In an environment where everyone is a learner, some other mechanism needs to be put in place to ensure that everyone can maintain and optimize the tenets of fairness, trust and transparency so the entire organization can move forward.

For me, the wirearchy framework can work just as well in a classroom.  Jarche goes on to state:

Solving problems is what most knowledge workers are hired to do. But complex problems usually cannot be solved alone. They require the sharing of tacit knowledge, which cannot easily be put into a manual. Tacit knowledge flows best in trusted networks. Trust promotes individual autonomy and this becomes a foundation for social learning. Without trust, few are willing to share their knowledge. An effective knowledge network also cultivates the diversity and autonomy of each worker. Connected leaders foster deeper connections, developed through ongoing and meaningful conversations. They understand the importance of tacit knowledge in solving complex problems. Connected leaders know they are just a node in the network and not a position in a hierarchy.

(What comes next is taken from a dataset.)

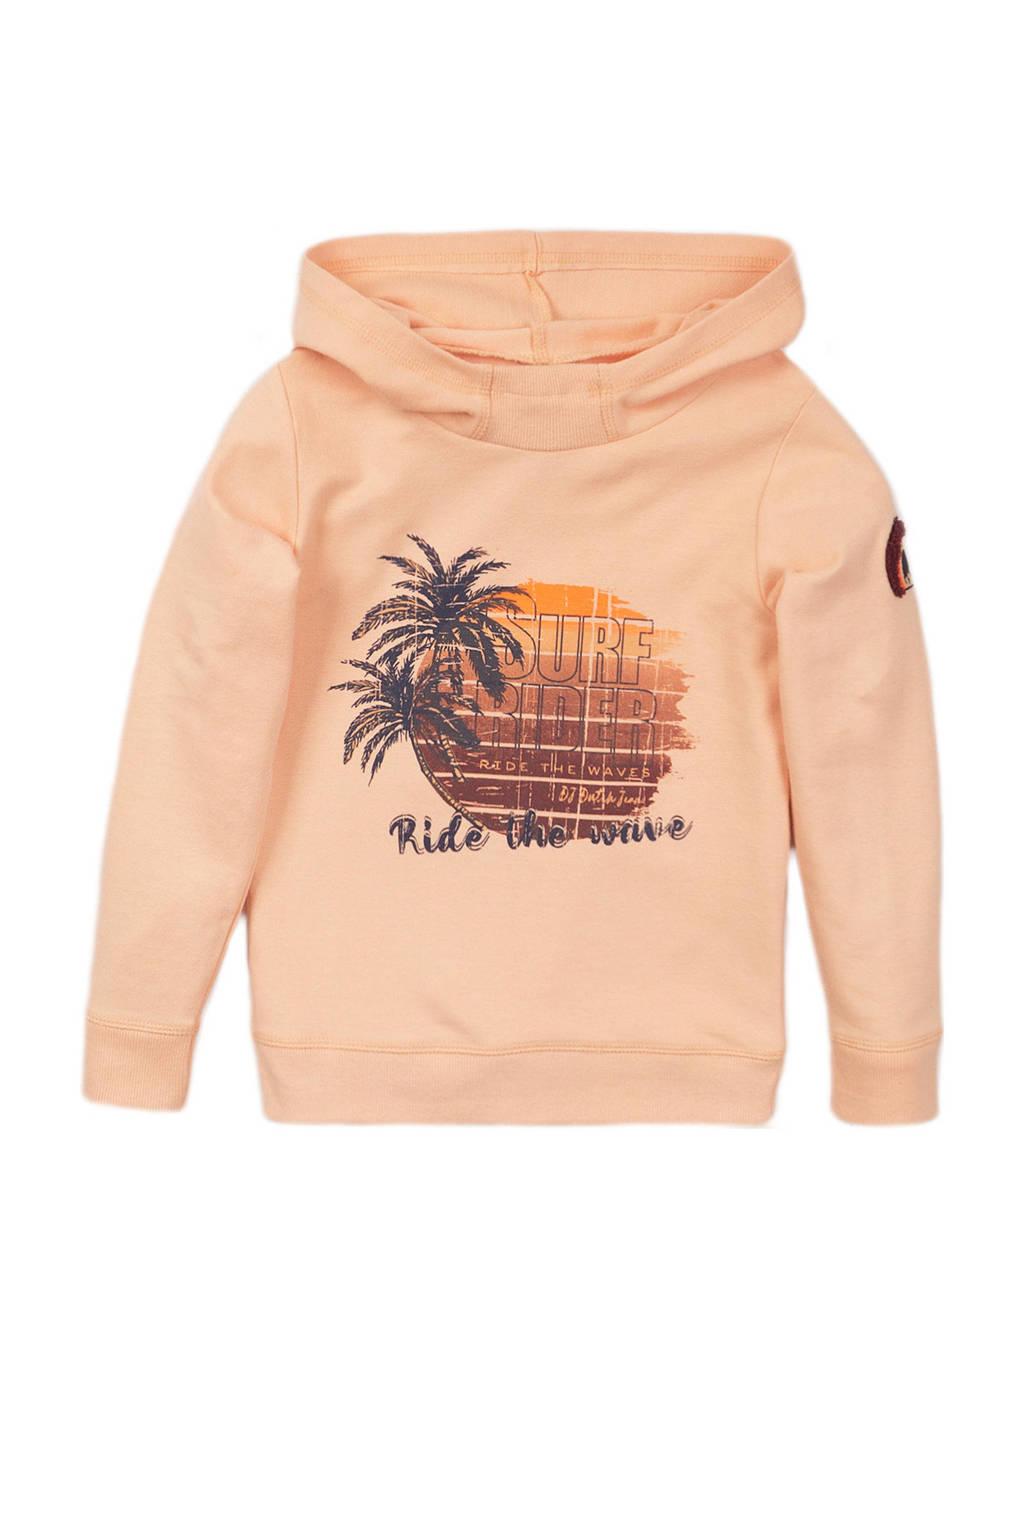 DJ Dutchjeans hoodie met printopdruk lichtoranje, Lichtoranje
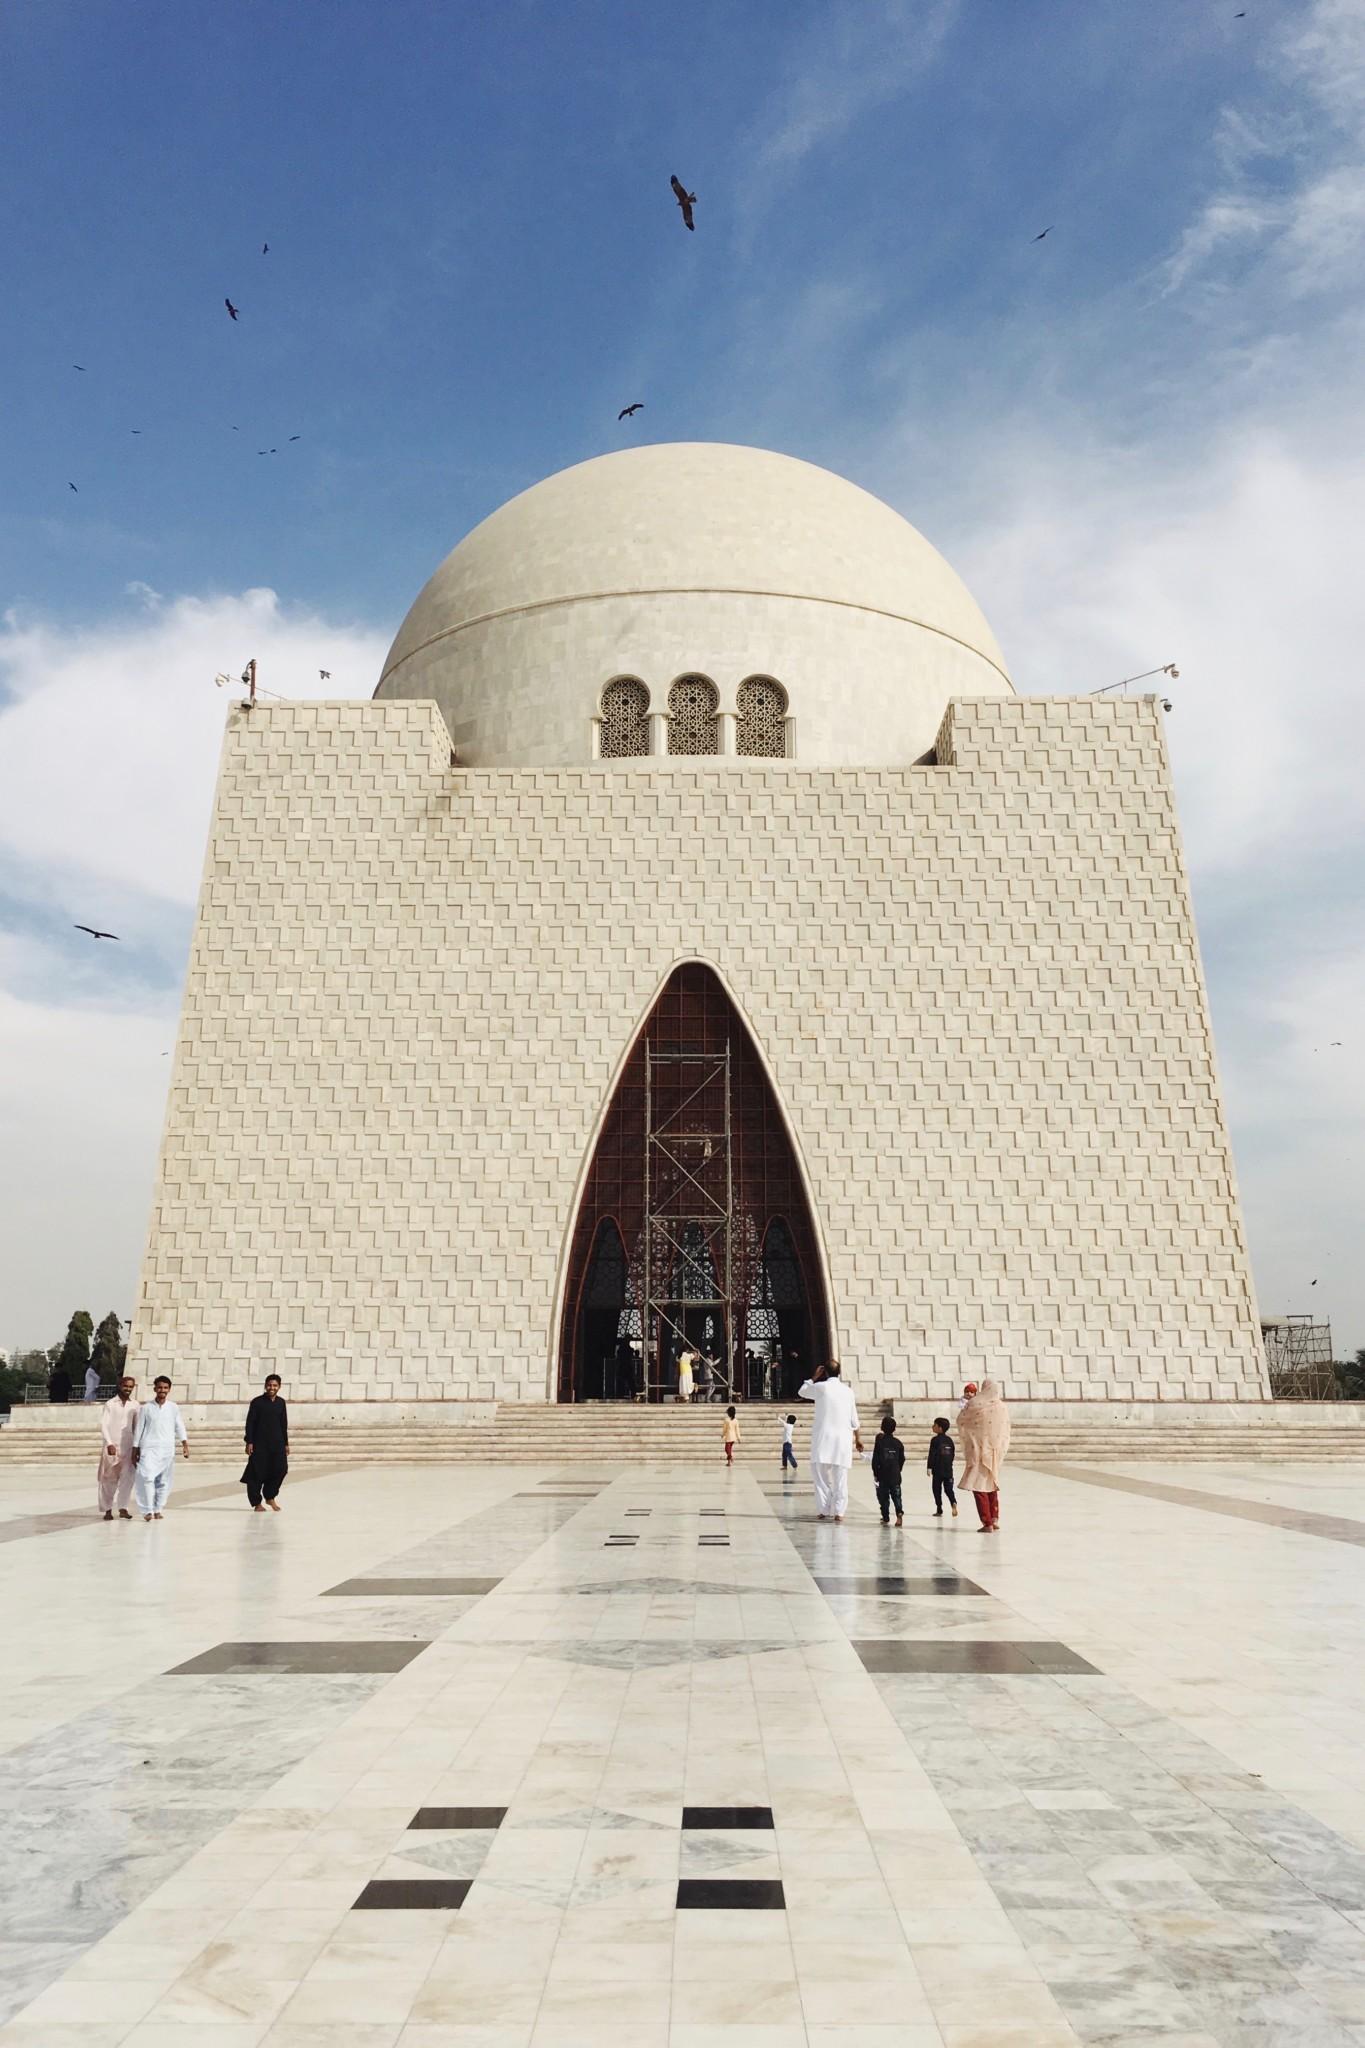 Mazar-e-Quaid Jinnah Mausoleum Karatschi

networks and nodes - gapingvoid cartoonNow again…think classroom…

  • Solving complex problems…
  • Sharing of tacit knowledge…
  • Trusted networks…
  • Individual autonomy and social learning…
  • Deeper connections…
  • Ongoing and meaningful conversations…

“Connected leaders know they are just a node in the network and not a position in a hierarchy.”

I would submit that connected teachers likewise understand that they are a node in a learning network.  They understand trust, leadership and learning.  This aligns so well with the connectivism approach to learning!

For my 30-Day Challenge question today, I am wondering…

Day 23 – How can I lead from the rear to build trust and facilitate networked learning as a norm in my class?

In another Jarche post – Hierarchies are Obsolete – Harold noted that hierarchies may technically be networks, but they are simply branching ones, good when information flow is one-way and down.  Hierarchies do not facilitate creativity or innovation.  Some classes I have seen in higher education seem to be set up to facilitate the one-way flow of “content” without engaging the students.  In today’s rapidly evolving knowledge era, co-learning with your students seems to be more aligned with the digital world in which our students (and we) reside.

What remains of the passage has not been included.